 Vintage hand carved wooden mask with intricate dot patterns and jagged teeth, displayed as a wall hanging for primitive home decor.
....
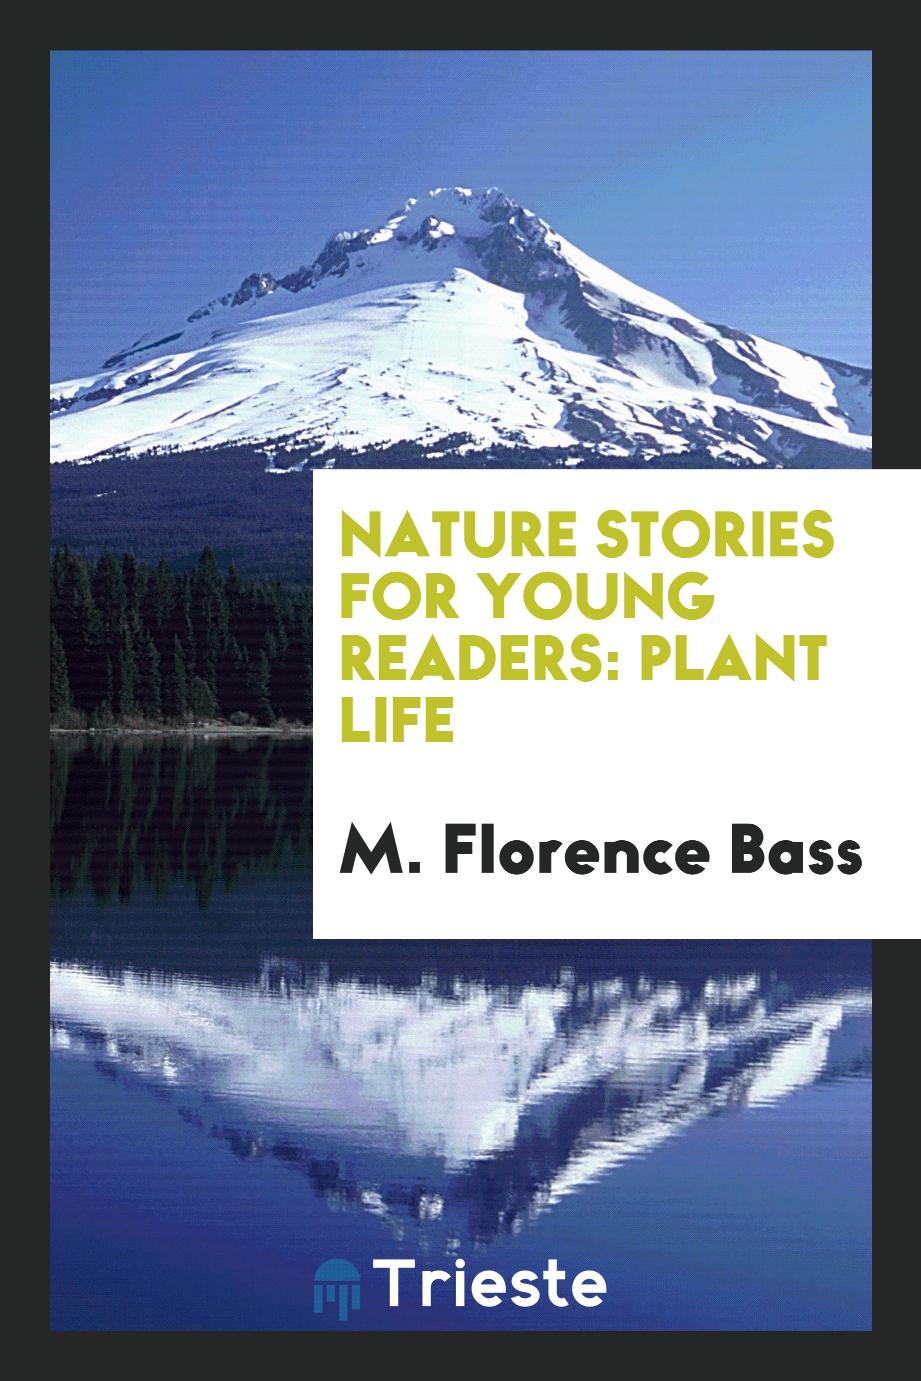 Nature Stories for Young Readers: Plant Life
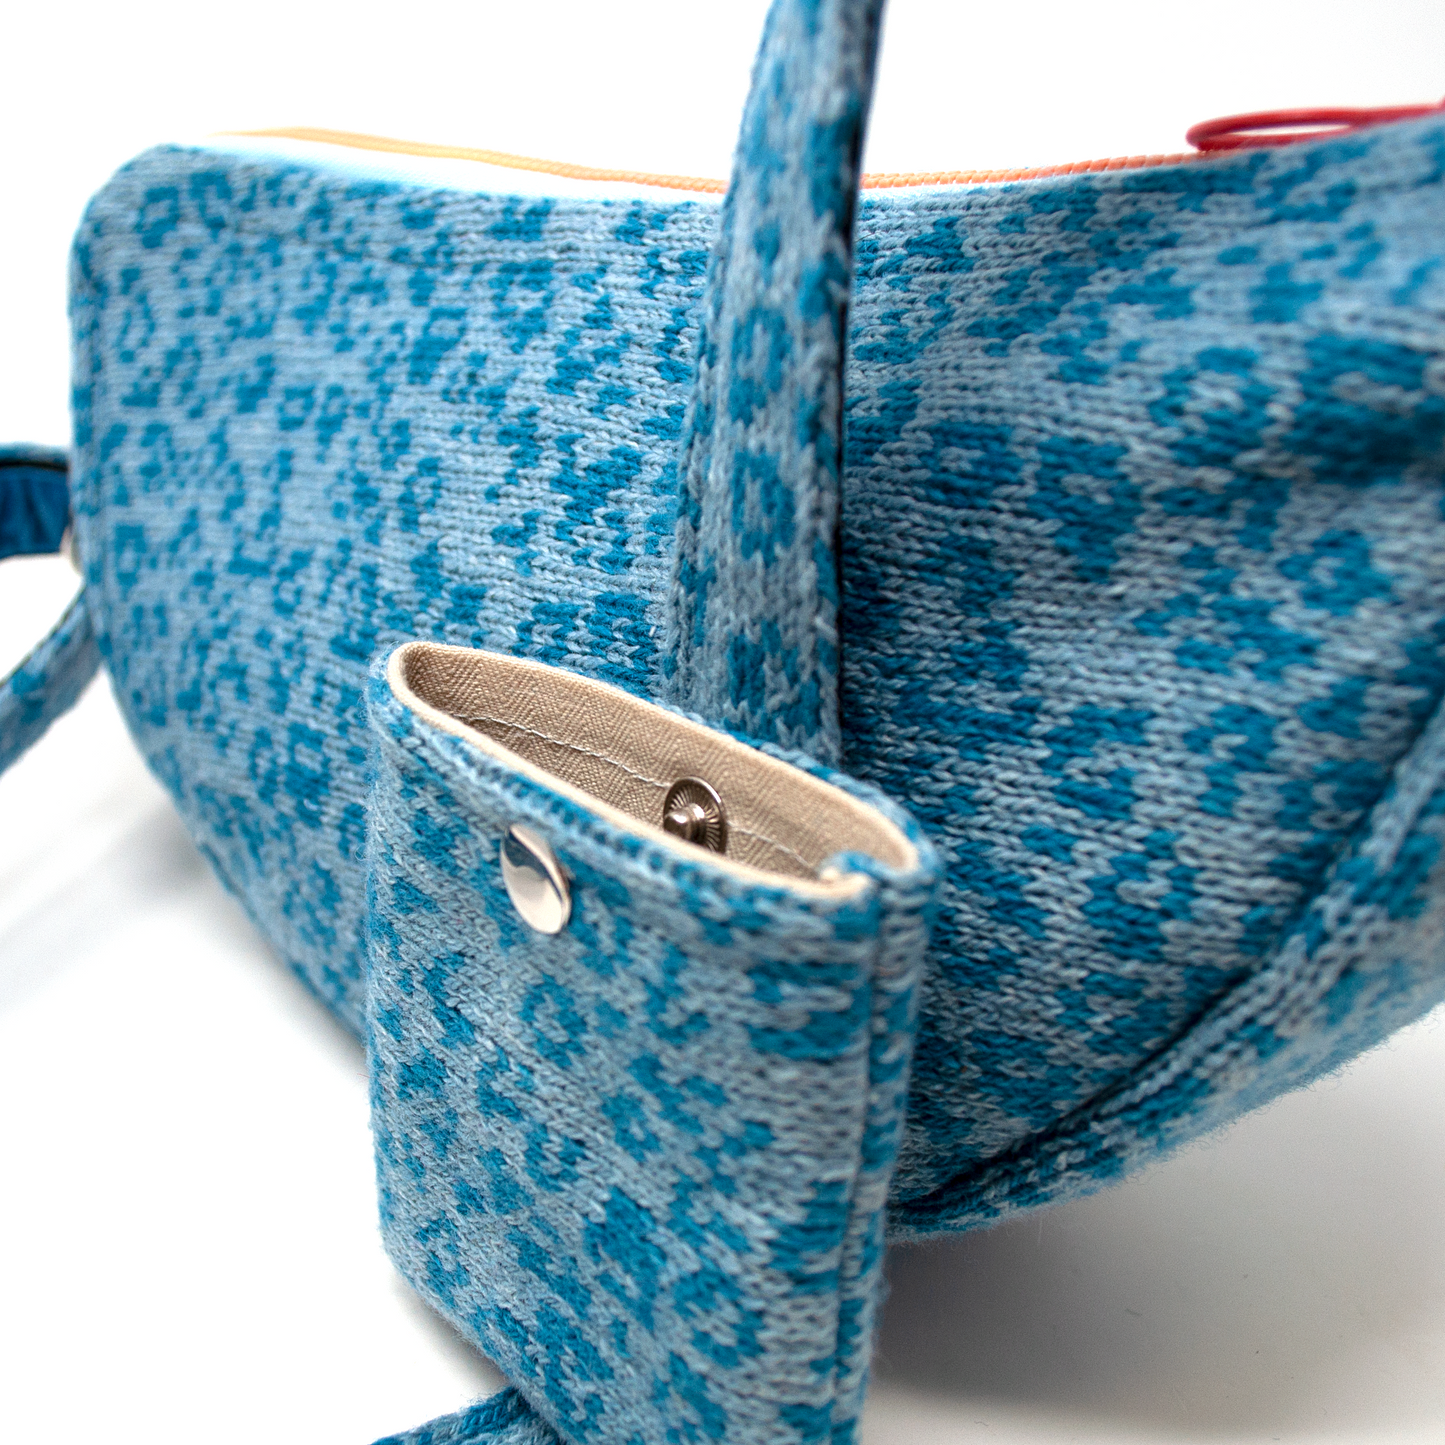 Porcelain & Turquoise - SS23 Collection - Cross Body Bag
....
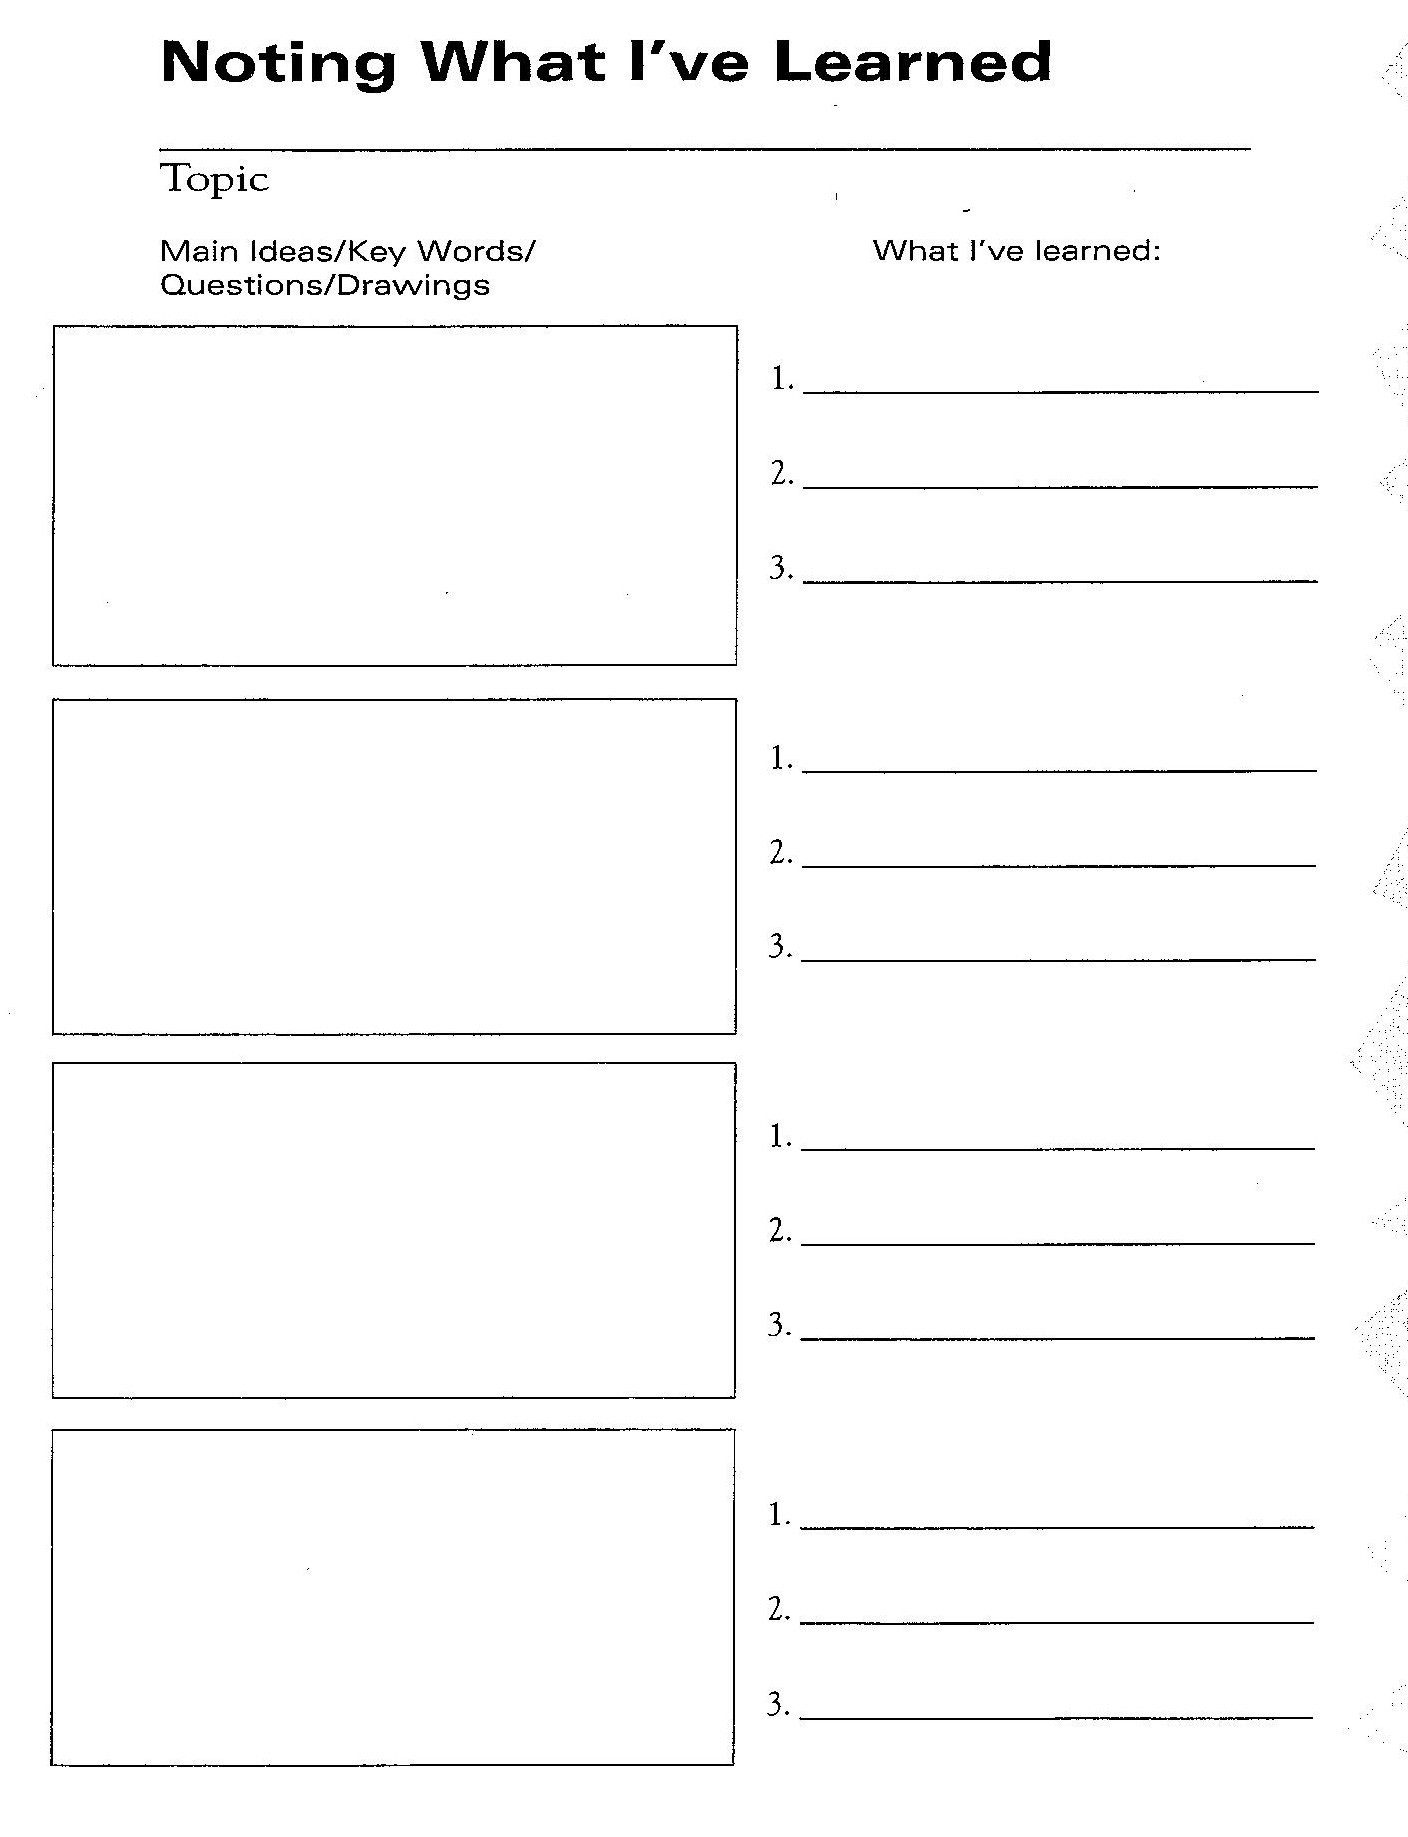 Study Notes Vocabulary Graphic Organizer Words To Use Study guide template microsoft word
....
Of all the material above, only the lines from the one that has "Nature Stories for Young Readers: Plant Life" down to the one that has "Porcelain & Turquoise" are to be written out, exactly and with both ends included. Pictures are skipped.

> **Result**:
 Nature Stories for Young Readers: Plant Life
 Porcelain & Turquoise - SS23 Collection - Cross Body Bag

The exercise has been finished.